Restate the lines word for word, from the one containing "Classic Farmhouse Home" through the last line of the entries below, without any other lines.

▶ [INPUT MATERIAL]
• • • • •

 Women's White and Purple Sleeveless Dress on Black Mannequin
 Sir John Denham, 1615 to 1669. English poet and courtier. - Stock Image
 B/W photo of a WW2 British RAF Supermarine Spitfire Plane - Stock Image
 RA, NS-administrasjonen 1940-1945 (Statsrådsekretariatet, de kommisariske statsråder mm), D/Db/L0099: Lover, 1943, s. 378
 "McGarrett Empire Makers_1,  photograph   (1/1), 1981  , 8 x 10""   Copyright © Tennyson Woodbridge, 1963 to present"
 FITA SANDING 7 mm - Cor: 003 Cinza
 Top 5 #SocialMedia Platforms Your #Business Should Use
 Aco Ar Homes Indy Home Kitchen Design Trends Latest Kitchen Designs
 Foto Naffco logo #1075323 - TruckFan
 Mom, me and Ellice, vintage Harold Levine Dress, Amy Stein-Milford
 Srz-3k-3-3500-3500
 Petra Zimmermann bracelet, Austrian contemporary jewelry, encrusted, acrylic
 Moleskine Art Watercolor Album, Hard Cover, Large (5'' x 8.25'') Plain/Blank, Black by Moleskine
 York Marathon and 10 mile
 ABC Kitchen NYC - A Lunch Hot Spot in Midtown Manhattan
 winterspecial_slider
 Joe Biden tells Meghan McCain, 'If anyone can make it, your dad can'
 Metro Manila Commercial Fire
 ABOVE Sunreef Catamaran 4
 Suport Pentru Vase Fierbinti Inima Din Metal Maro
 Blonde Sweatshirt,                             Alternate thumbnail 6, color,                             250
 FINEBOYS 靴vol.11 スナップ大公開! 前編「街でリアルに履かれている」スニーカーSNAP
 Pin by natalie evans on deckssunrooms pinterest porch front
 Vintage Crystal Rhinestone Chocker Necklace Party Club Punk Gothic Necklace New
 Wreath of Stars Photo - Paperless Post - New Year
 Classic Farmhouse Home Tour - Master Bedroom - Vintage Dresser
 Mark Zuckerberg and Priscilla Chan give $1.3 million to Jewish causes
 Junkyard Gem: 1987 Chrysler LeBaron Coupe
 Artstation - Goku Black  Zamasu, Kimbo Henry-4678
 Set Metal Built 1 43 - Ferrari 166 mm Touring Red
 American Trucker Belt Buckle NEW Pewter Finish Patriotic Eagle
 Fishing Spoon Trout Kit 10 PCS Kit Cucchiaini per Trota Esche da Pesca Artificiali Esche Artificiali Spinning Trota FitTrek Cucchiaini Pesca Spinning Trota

• • • • •

▶ [TASK ANSWER]
 Classic Farmhouse Home Tour - Master Bedroom - Vintage Dresser
 Mark Zuckerberg and Priscilla Chan give $1.3 million to Jewish causes
 Junkyard Gem: 1987 Chrysler LeBaron Coupe
 Artstation - Goku Black  Zamasu, Kimbo Henry-4678
 Set Metal Built 1 43 - Ferrari 166 mm Touring Red
 American Trucker Belt Buckle NEW Pewter Finish Patriotic Eagle
 Fishing Spoon Trout Kit 10 PCS Kit Cucchiaini per Trota Esche da Pesca Artificiali Esche Artificiali Spinning Trota FitTrek Cucchiaini Pesca Spinning Trota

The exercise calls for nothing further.